An acceptable response holds only the line containing "Thai Airways Royal Silk Lounge image 4 of 4" and every line after it to the end of the records, each reproduced exactly.

Material to process: Begin

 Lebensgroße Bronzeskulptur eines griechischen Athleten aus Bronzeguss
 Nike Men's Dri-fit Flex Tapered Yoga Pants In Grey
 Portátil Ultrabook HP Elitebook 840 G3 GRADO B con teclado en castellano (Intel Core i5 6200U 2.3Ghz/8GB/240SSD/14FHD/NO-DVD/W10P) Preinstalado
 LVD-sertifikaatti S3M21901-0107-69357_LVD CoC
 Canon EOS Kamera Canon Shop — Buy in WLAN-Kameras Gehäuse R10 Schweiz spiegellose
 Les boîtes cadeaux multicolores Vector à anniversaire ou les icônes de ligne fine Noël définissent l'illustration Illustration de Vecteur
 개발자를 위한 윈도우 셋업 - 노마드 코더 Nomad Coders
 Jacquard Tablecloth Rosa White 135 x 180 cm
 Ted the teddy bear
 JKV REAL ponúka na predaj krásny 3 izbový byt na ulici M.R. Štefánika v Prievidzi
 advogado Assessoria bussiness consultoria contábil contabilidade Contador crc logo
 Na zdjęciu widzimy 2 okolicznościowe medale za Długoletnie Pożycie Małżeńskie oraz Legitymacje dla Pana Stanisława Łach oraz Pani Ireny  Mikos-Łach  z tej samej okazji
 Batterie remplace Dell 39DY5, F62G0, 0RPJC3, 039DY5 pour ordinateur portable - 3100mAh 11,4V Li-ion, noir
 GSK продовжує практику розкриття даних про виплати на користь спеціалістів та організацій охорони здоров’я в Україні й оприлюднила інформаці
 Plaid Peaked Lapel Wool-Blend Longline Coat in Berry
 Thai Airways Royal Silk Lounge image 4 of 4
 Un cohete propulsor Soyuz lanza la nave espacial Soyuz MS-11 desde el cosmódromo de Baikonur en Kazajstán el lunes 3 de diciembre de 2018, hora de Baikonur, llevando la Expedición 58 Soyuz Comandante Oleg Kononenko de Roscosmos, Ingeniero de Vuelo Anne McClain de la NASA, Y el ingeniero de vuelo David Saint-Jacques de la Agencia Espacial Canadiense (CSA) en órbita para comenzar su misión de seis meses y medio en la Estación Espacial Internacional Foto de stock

Material to process: End

» **Solution to this task**
 Thai Airways Royal Silk Lounge image 4 of 4
 Un cohete propulsor Soyuz lanza la nave espacial Soyuz MS-11 desde el cosmódromo de Baikonur en Kazajstán el lunes 3 de diciembre de 2018, hora de Baikonur, llevando la Expedición 58 Soyuz Comandante Oleg Kononenko de Roscosmos, Ingeniero de Vuelo Anne McClain de la NASA, Y el ingeniero de vuelo David Saint-Jacques de la Agencia Espacial Canadiense (CSA) en órbita para comenzar su misión de seis meses y medio en la Estación Espacial Internacional Foto de stock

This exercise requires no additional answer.